One of the most frequently repeated things in the world of investors would definitely be the saying that precious metals are incredibly safe thing to invest in, and that no matter what you do you should always make sure that some of your investments are tied to precious metals. The actual rule goes, and it is a rule according to some, that you should have at least 10% of your money, or your investment portfolio tied to precious metals like gold, silver, palladium and platinum, while the rest should be invested on other commodities that are available out there.
A lot of people are confused with this number, after all, if precious metals really are such a catch and they are a good thing to invest in, why is that when someone wants you to only invest 10% of your money, instead of for example all of it? Well the answer to this question is a bit more complex, and it requires you to know about some basic relations between precious metals, and its relation to the economy, because believe it or not, everything is connected, everything has effect on everything in today’s economy, the same thing is true for precious metals.
We’re gonna be talking about gold but the same thing that we’re gonna be saying about gold is completely the same for pretty much every other precious metals, not that there are that many of them. Gold investments are a very smart thing to do, primarily because of inflation. Many people thing that investing in gold is a good thing because of profits that they are gonna make, and while that is true, as of recently investing in gold has shown to be the most effective ways of how you can preserve the value of your money.
As majority of you on the east coast probably know, investing money in things like the cars, or houses simply does not guarantee any kind of security of your money. Nature can come in every day and take it’s toll. If you had for example taken the same money which you’ve decided to invest in an additional car or in house extension, you would have ended up with owning gold, for example. Now with gold your money would be more secure than if you had become an owner of a car, but there is a such a thing as owning too much gold also, and it could affect the time it takes for you to make a return on your investment.
For example, take note of the fact that the price of gold has halved significantly a few months ago. It has gone down for over 100$ per troy ounce, and if you had tied all of your money with the investment into gold at that higher price, the one that was right before the drop, well then you would either have to leave that investment to sit there and wait for the gold price to recover, or start selling gold at the lower price and actually start selling at a lower price.

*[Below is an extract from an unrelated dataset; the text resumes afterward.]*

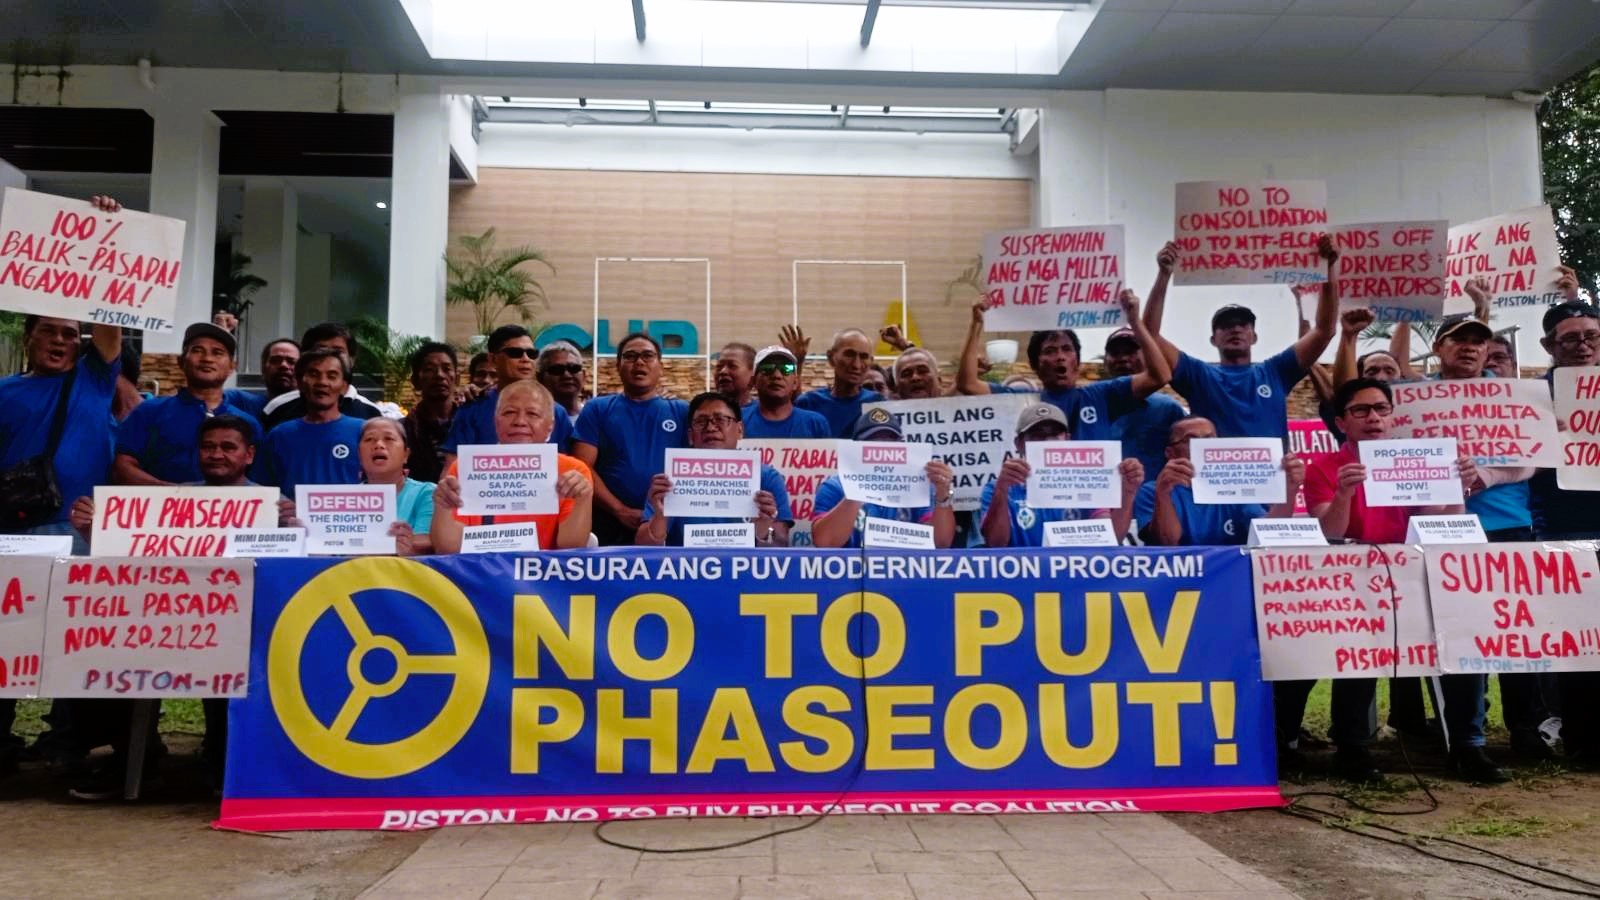 PISTON calls for a nationwide transport strike to protest the PUV Modernization Program

Same situation is pretty much now.
Currently the price of gold, and pretty much every other precious metal is high. If you used up your entire investment money into a precious metals, and the price of it goes down right after. You can’t count of any kind of quick money off of the investment. And considering in what kind of world we’re living in, making quick money is a must. That’s why it has been suggested that you only invest with 10% of your money, and that if you are going for more, that you prepare for waiting for a return on your investment a bit longer.
Fickle prices that precious metals have, it’s the main reason why you can never rely on precious metals for s quick and stable investment, but then again isn’t the same thing true for everything else? Pretty much every stock bears a certain risk, sure you can minimize that risk, but you can never be entirely sure. Same thing is true with gold and other precious metals, only since it’s such an expensive investment, the markets are warning up to be careful, so be extra careful, and if you know what you’re doing, you don’t have to abide the 10% of the investment portfolio rule.